Ranks #101 of 3,146 FMCSR codes by citation frequency • OOS rate of 0.0% is below the FMCSR-wide average of 33.3%.

Violation Description

State/Local Laws - Speeding 1-5 miles per hour over the speed limit.

In-Depth Explainer

Grounded in TruckCodex roadside-inspection data

What 392.2-SLLS1 means in plain language

This citation comes down to one thing: your commercial motor vehicle was recorded traveling above the posted speed limit by somewhere between one and five miles per hour.
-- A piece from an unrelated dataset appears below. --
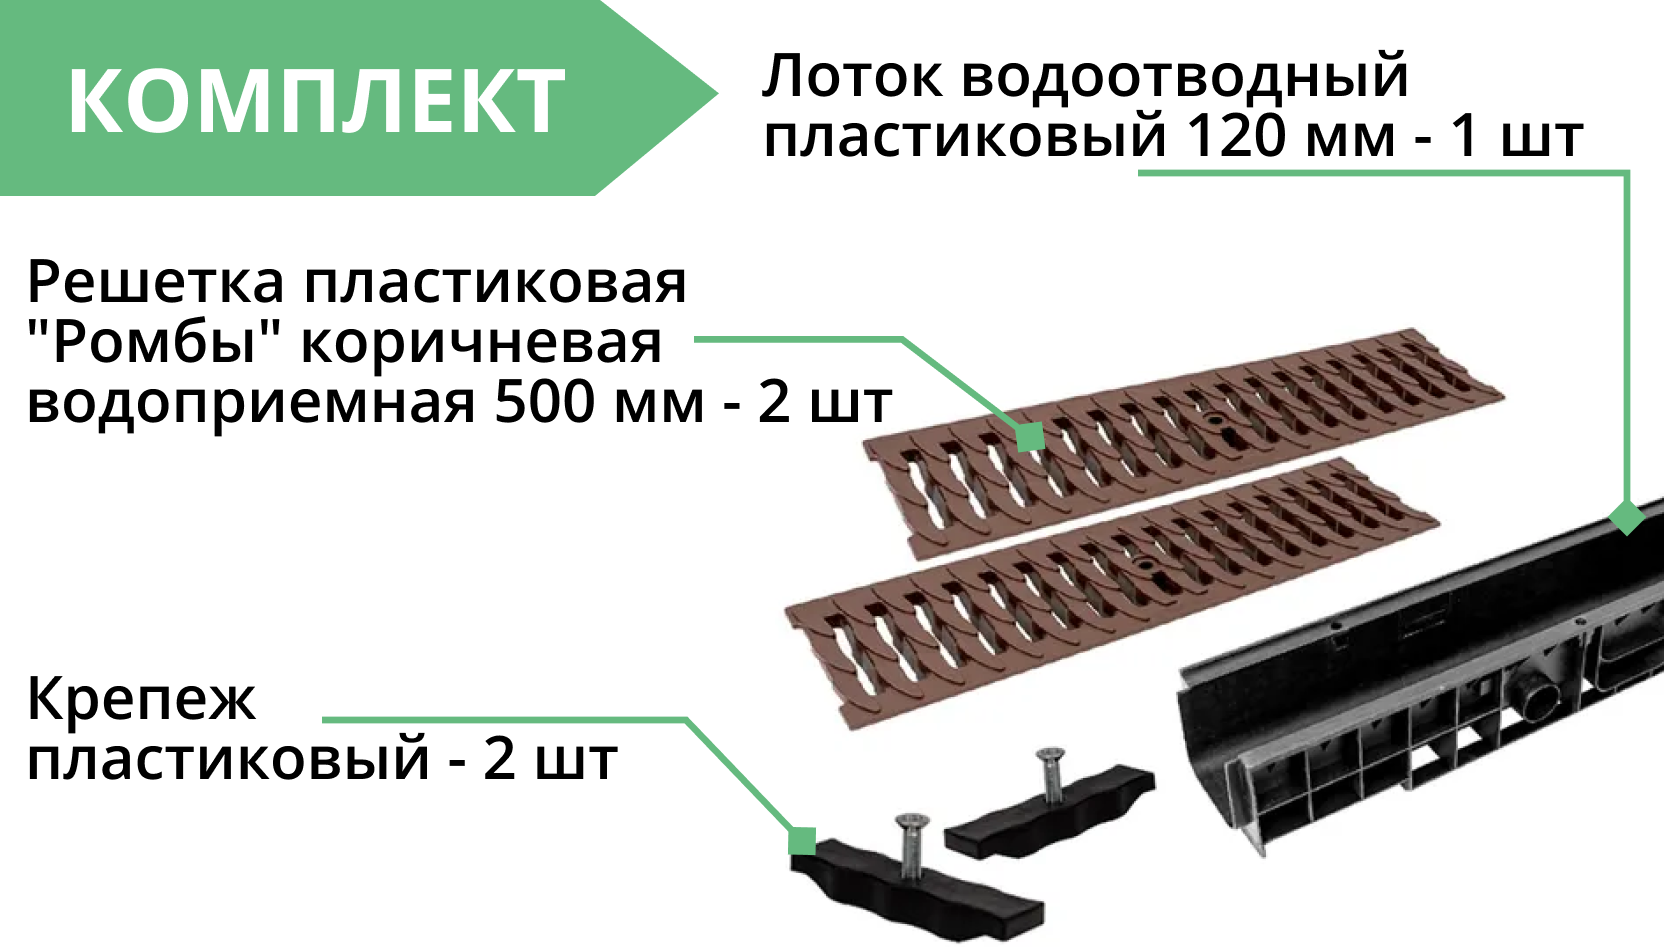 Комплект: Лоток Европартнер 120 мм с пластиковыми решетками коричневыми "Ромбы" 1 метр 3

It also covers situations where an officer determines you were moving too fast given the road or weather conditions at the time, even if you were technically under the posted number.

The margin sounds small — a single mph over the limit qualifies — but federal motor carrier safety rules treat any speed in excess of what's posted as a violation. Enforcement officers at roadside have discretion to write this up whether they clock you at 56 in a 55 or 60 in a 55.
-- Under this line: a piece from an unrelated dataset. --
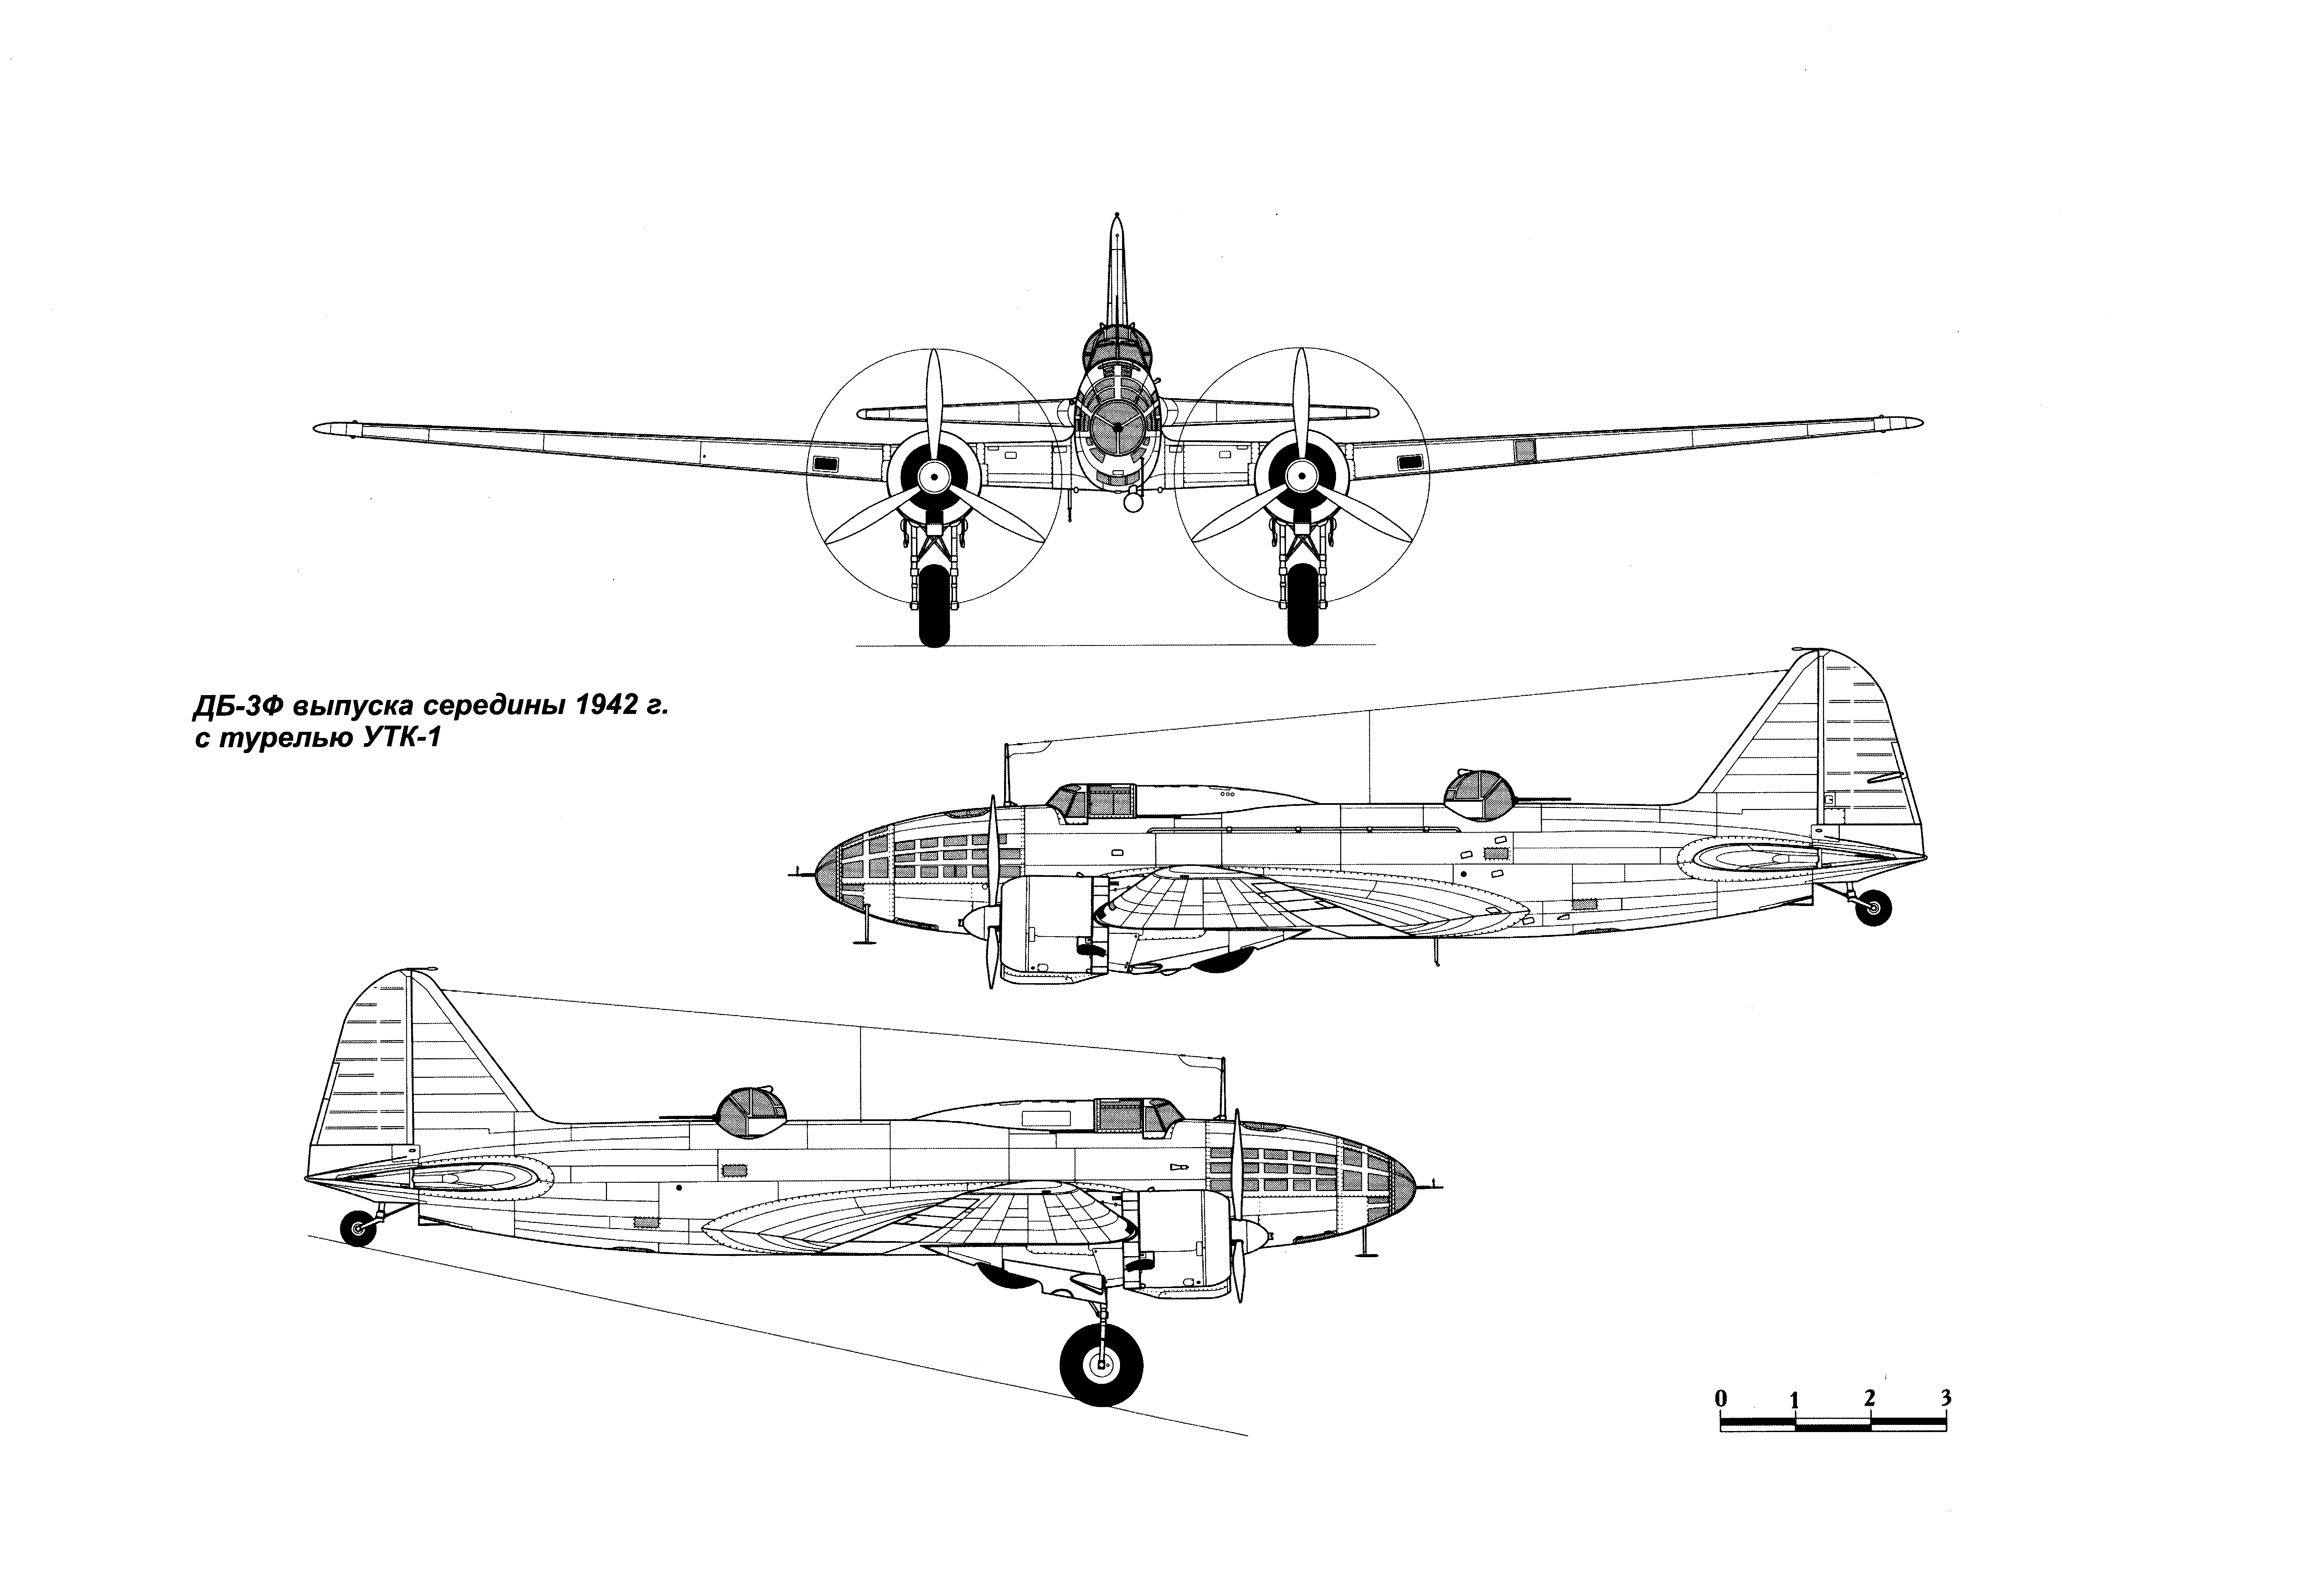 Ilyushin DB-3 blueprint

For drivers, the practical takeaway is straightforward: cruise control set a hair above the limit, or pushing pace slightly on a wet highway, is enough to generate this citation and start a paper trail in your safety record.
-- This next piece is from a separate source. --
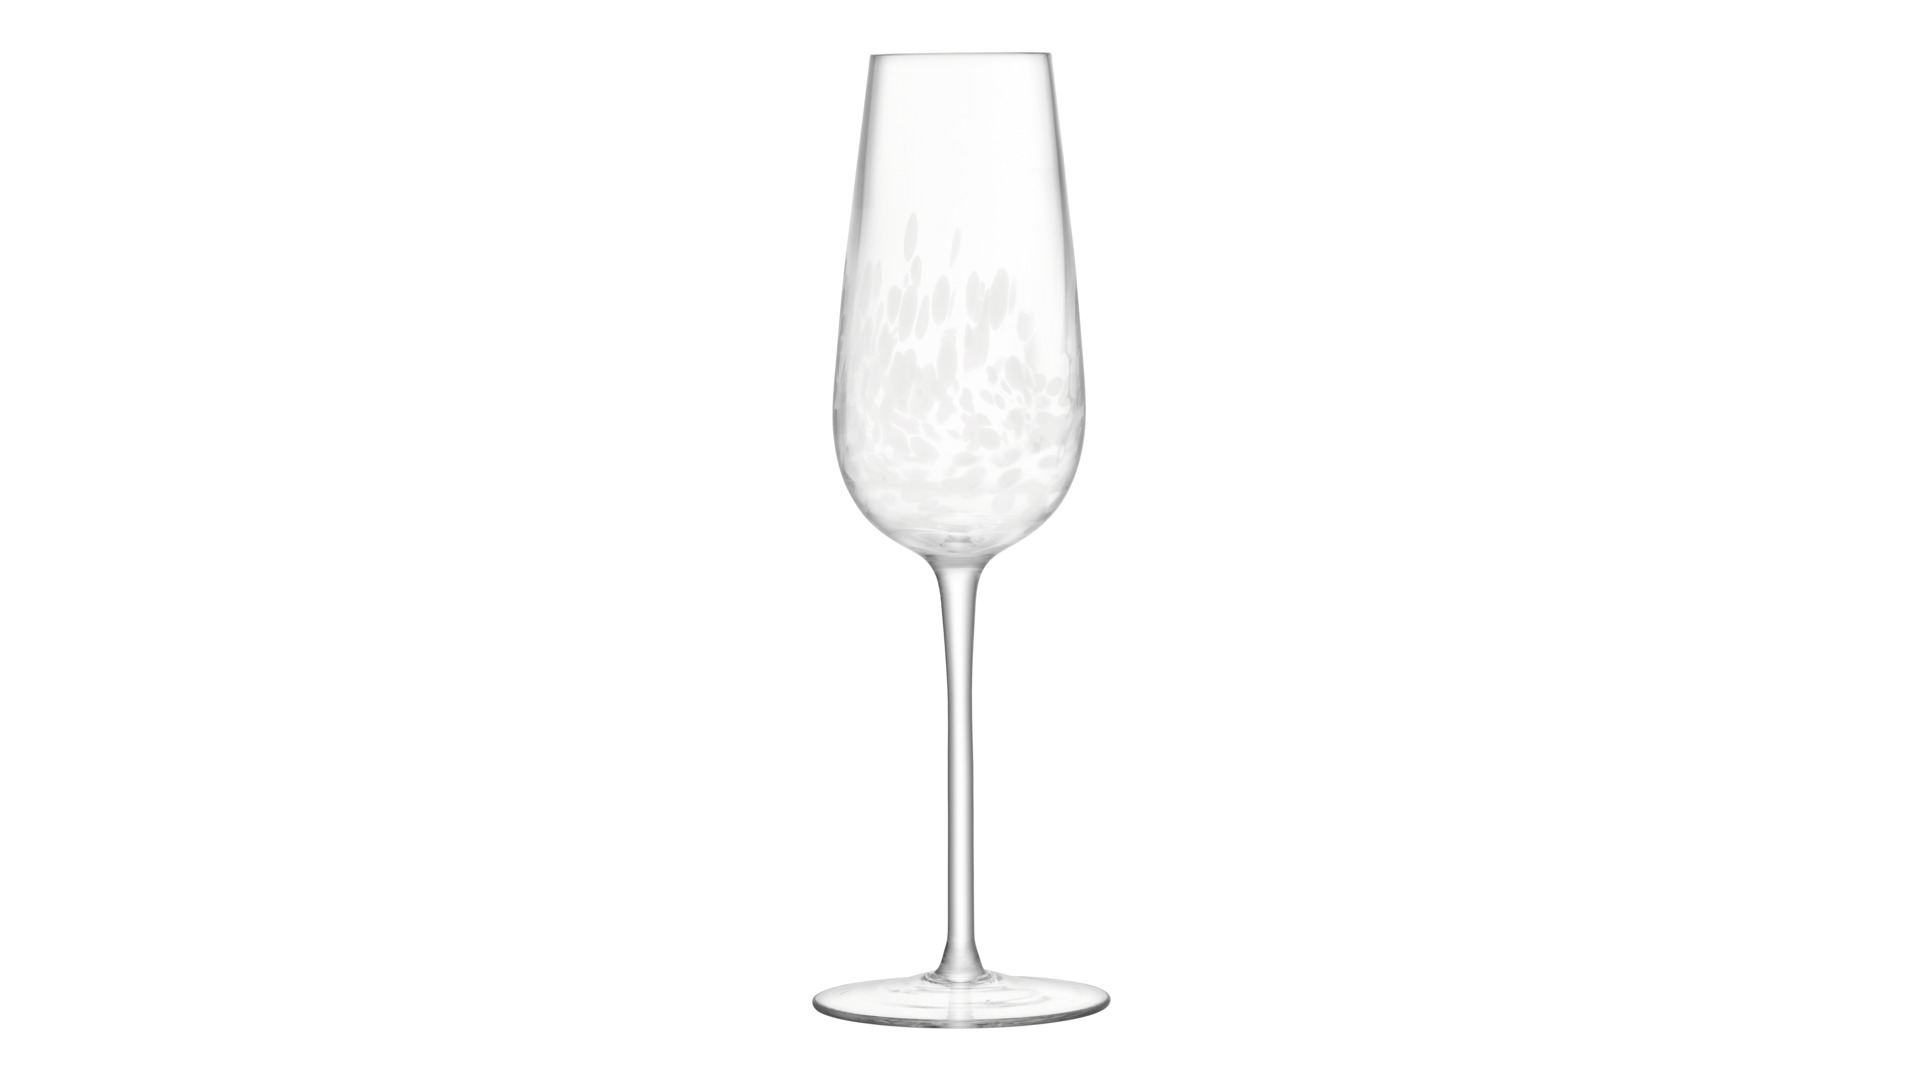 Набор бокалов для шампанского LSA International Stipple 250 мл, 2 шт, стекло

What our enforcement data actually shows

Across our 13 million+ inspection records, 392.2-SLLS1 has been cited 27,463 times all-time, making it the 101st most-cited code out of 3,036 FMCSR codes in our database. That's a significant enforcement presence — well inside the top 4% of all codes by volume.

The pace of enforcement has been accelerating sharply. Over the last 12 months alone, our inspection records show 17,590 citations, and 3,661 of those came in just the last 90 days. To put that in context, more than 64% of all all-time citations for this code were written in the past year.

The good news for drivers: the out-of-service risk here is effectively zero. All-time, only 10 vehicles were placed out of service across 27,463 citations — an OOS rate of 0.0%. The all-FMCSR average OOS rate across every code in our database is 31.4%. This code sits nowhere near that threshold. You will almost certainly keep rolling after a 392.2-SLLS1 citation, but the violation still lands in your CSA Unsafe Driving BASIC with a severity weight of 3, which means it does affect your safety score and, through it, your carrier's.

Looking at the monthly trend, citation volume has been consistently elevated. Our data shows monthly counts running between 1,218 and 1,948 citations from May 2025 through March 2026, with a peak of 1,948 in July 2025. That sustained volume tells fleet safety managers this is not a seasonal blip — enforcement attention on low-level speeding in CMVs is steady and widespread.

Who gets cited most

In the last 180 days, South Carolina leads all states with 1,995 citations and a 0.0% OOS rate. New Mexico comes in second with 1,454 citations, also at 0.0% OOS. Texas ranks third with 814 citations at 0.0% OOS. Oklahoma follows with 722 citations.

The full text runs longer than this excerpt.